Edward G. Robinson portrays Mr. Wilson, a government investigator and leader of an international group charged with bringing fascist war criminals to justice. He follows an escaped, low level S.S. functionary named Meinike (Konstatine Shayne) across the Atlantic in hopes of nabbing a much bigger prize: death camp architect Franz Kindler, conceiver and implementer of Hitler’s final solution, who has thus far eluded capture. Surprisingly, Meinike’s trail leads to the sleepy hamlet of Harper, Connecticut where it abruptly and mysteriously ends. Desperate for clues, Robinson poses as a visiting antiques dealer and begins to mingle with the local populace. He eventually meets a history professor named Rankin (Orson Welles), a recent hire at the Harper School for Boys and newly married to Mary Longstreet (Loretta Young), a product of one of Harper’s leading families. At first, Rankin seems above suspicion. But slowly Robinson begins to see through Rankin’s façade, and becomes convinced this tweedy, soft spoken school teacher is actually the fiendish Kindler in disguise.

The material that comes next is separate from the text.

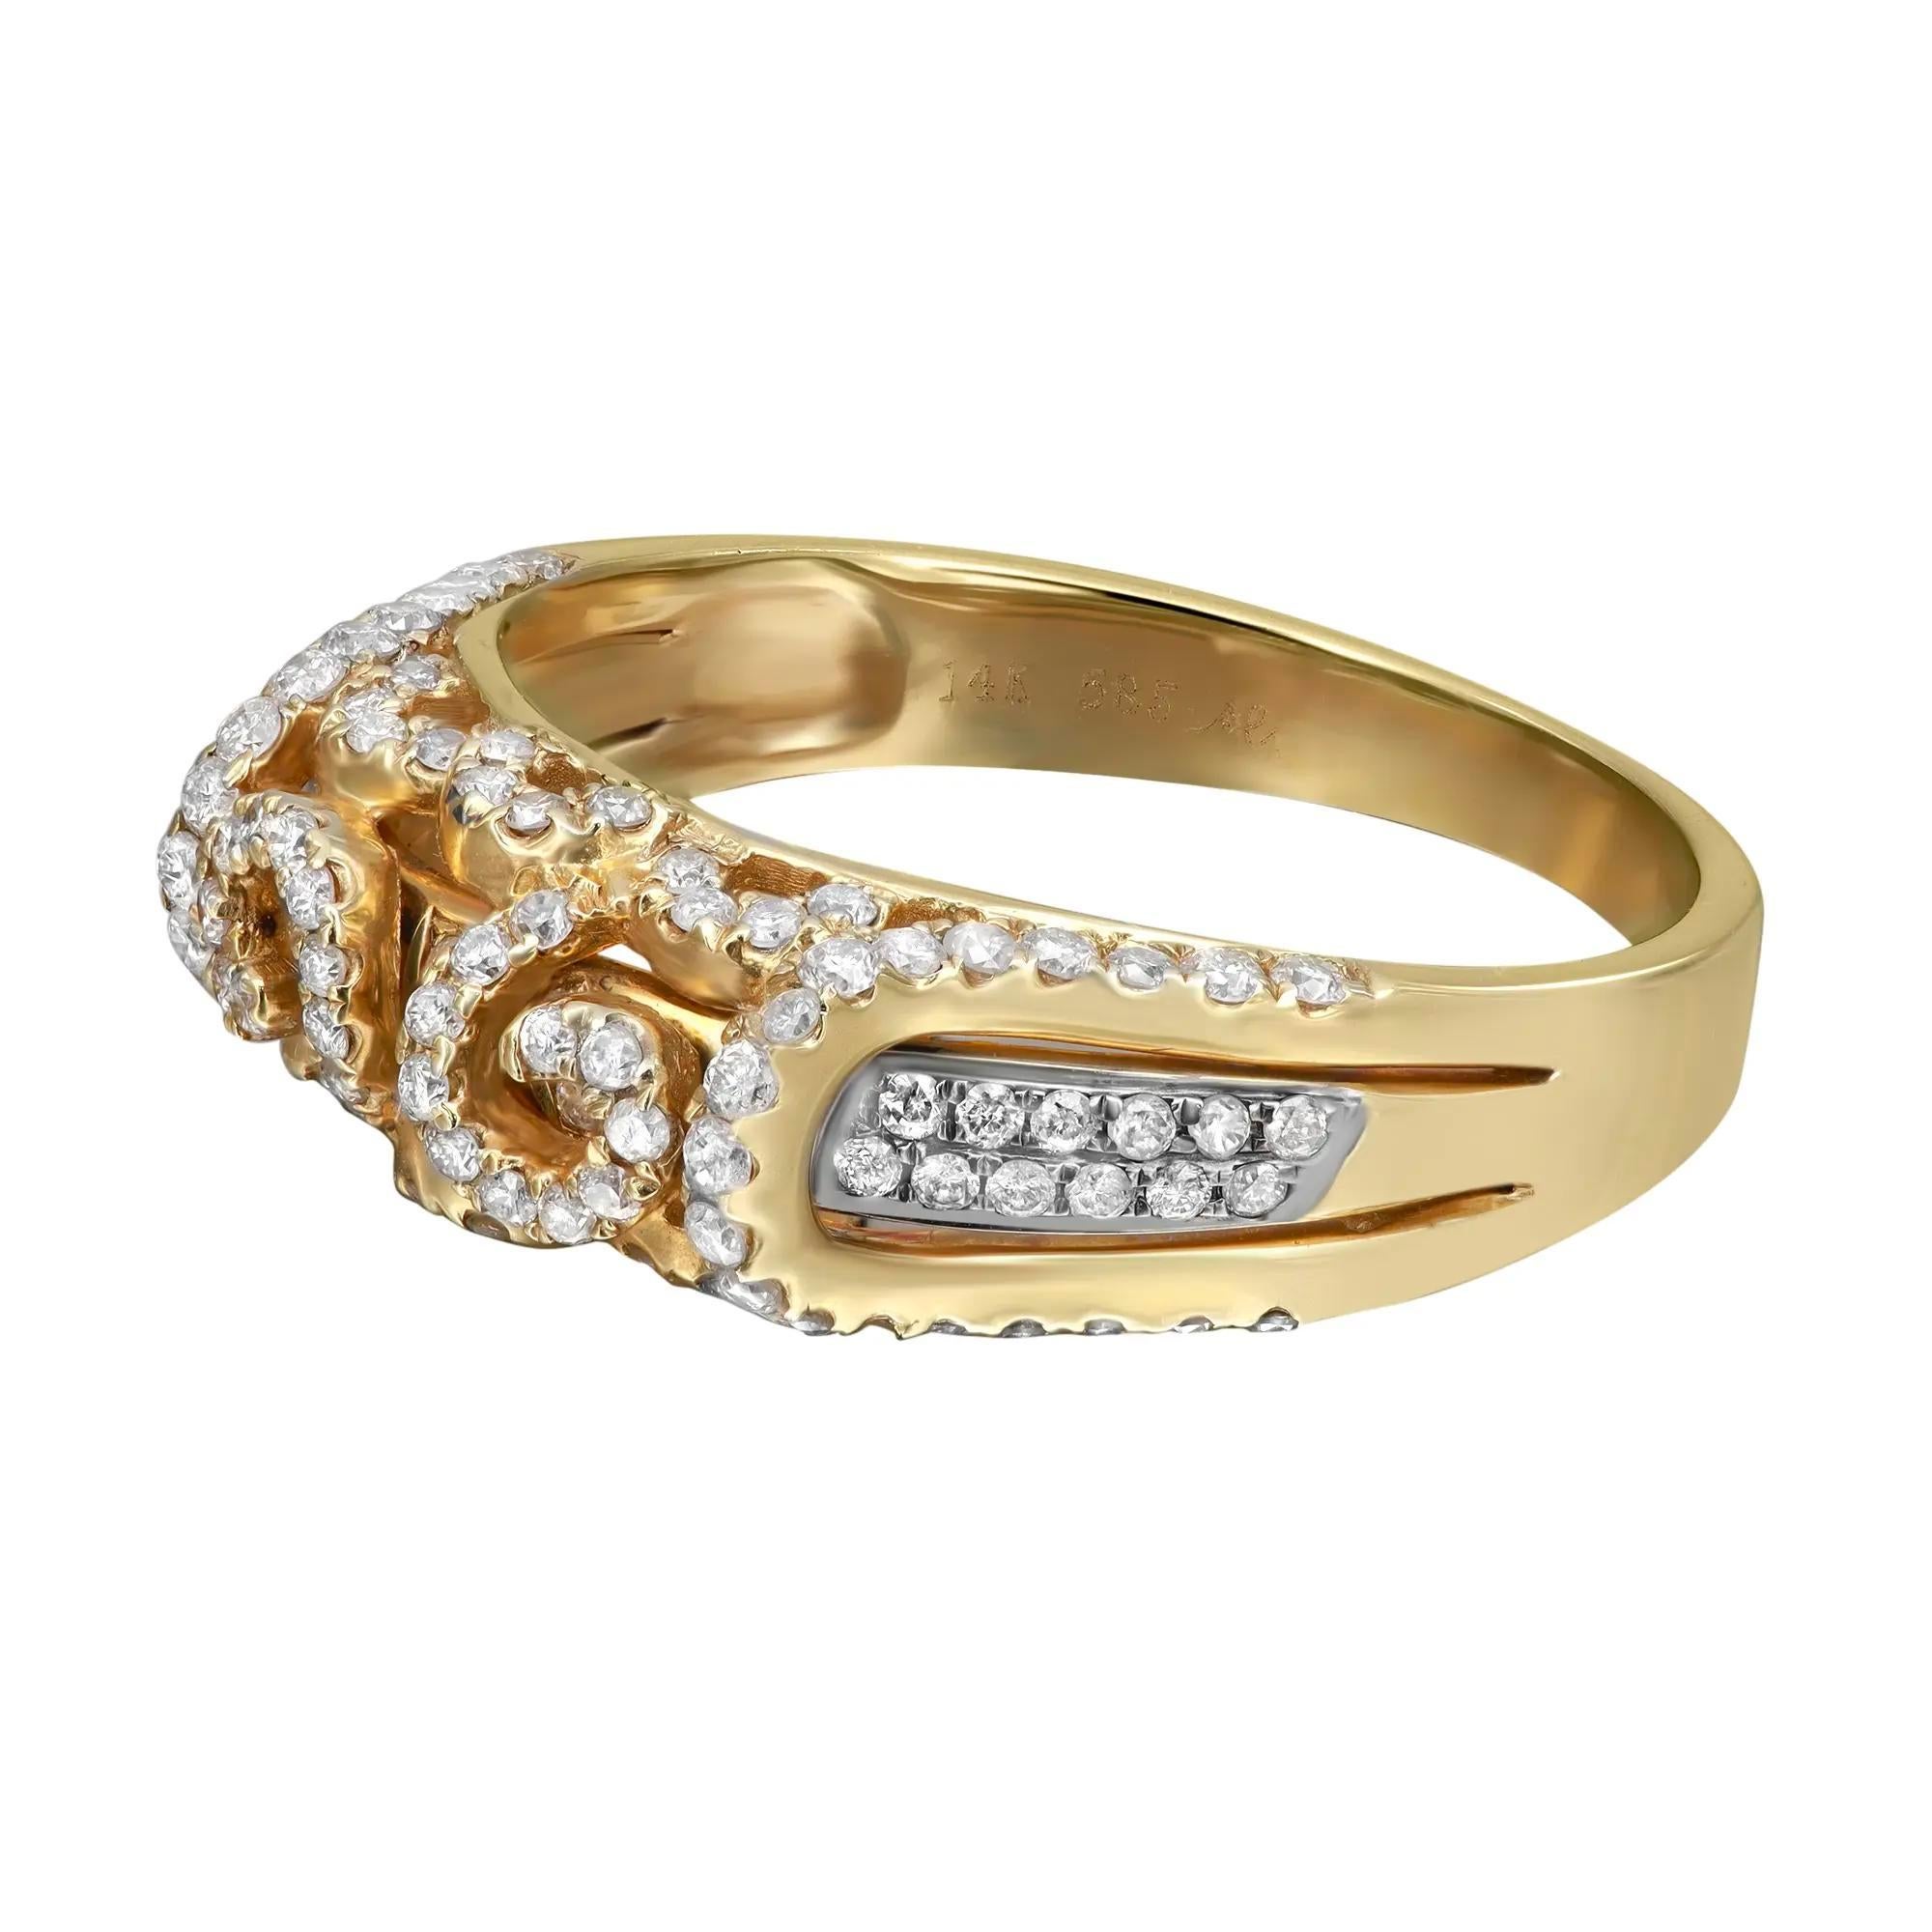 Sparkle with this fancy yellow gold diamond band ring. This ring provides a lustrous polished look with its round cut diamonds weighing 0.60 carat. Diamond color I and SI clarity. Metal: 14K yellow gold. Ring size: 7.5. The width of the ring is 6.8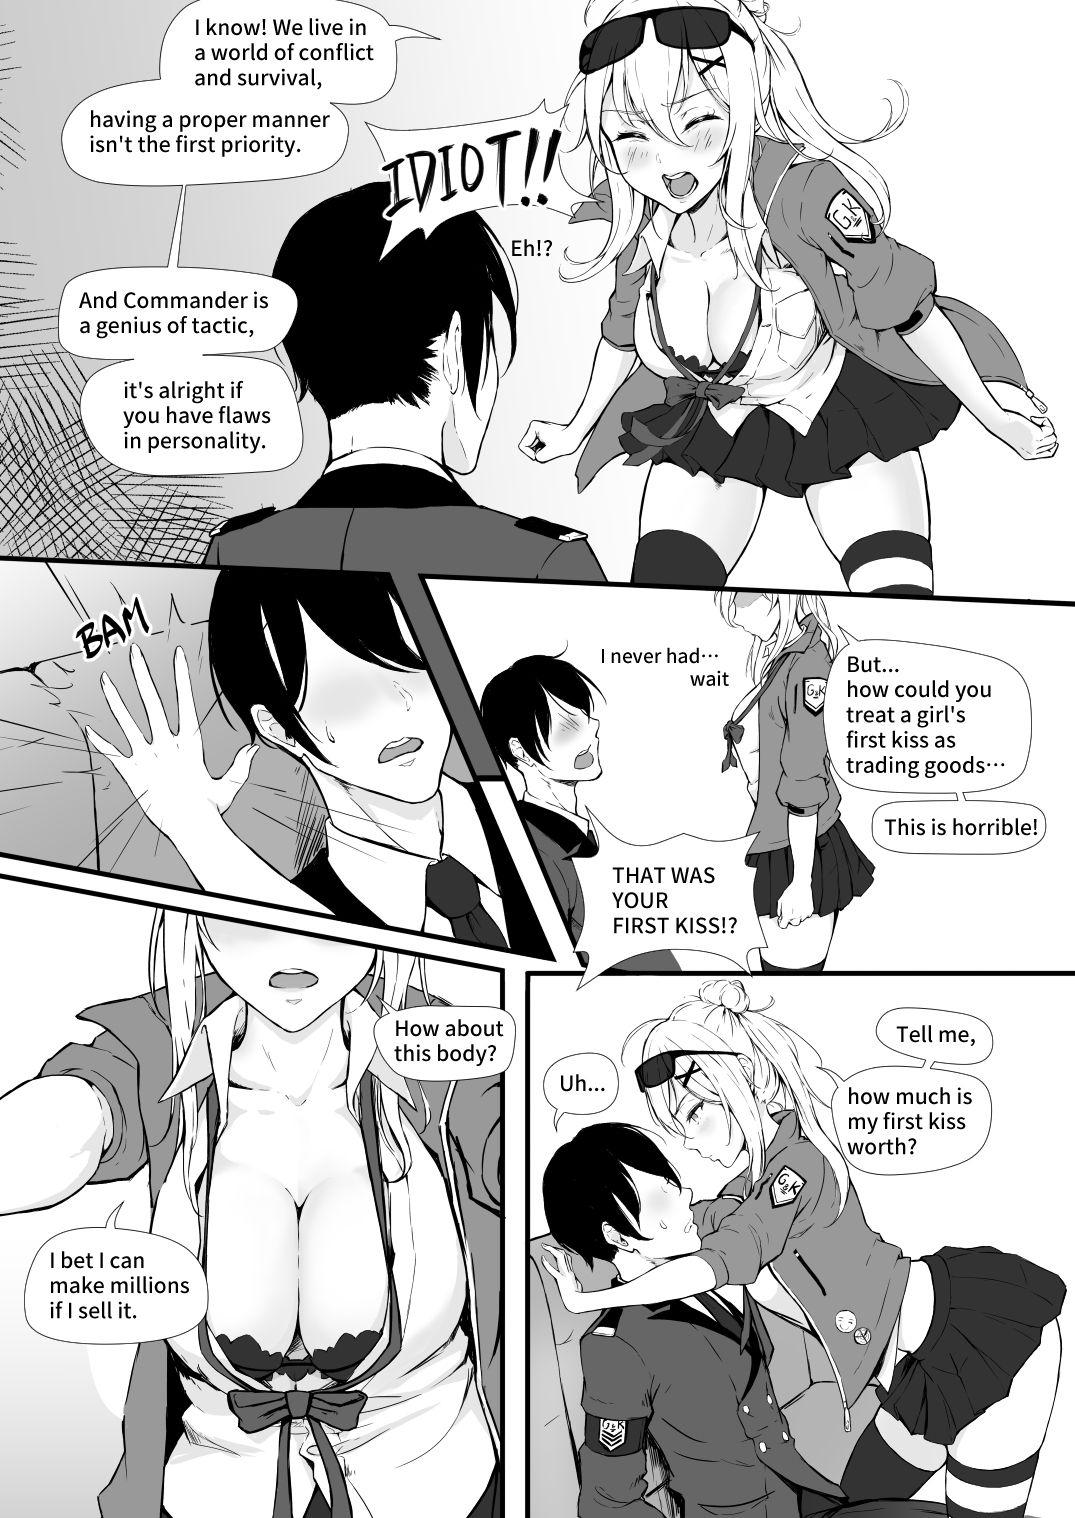 Sex How Many Diamonds a Kiss Worth? - Girls frontline Show - Page 9

Welles’s patented visual style drives the film in the early going, complete with low angle cameras, inky shadows and deep, ceilinged sets. Robinson’s establishing scene, a meeting with other Nazi hunters, features blocking nearly identical to Kane’s famous projection room sequence. In an inspired bit of visual cleverness, Welles has Robinson break his pipe in a fit of pique and the hastily repaired, taped-over smoking apparatus becomes an important visual identifier as the story progresses. Along a wooded trail, Welles has a secret meeting with one of the main characters, and the lengthy dialogue is covered in a single beautifully choreographed take. It was a technique Welles would work to ambitious perfection 12 years later in Touch of Evil, but here we see the genesis of his fascination with camera-subject ballet.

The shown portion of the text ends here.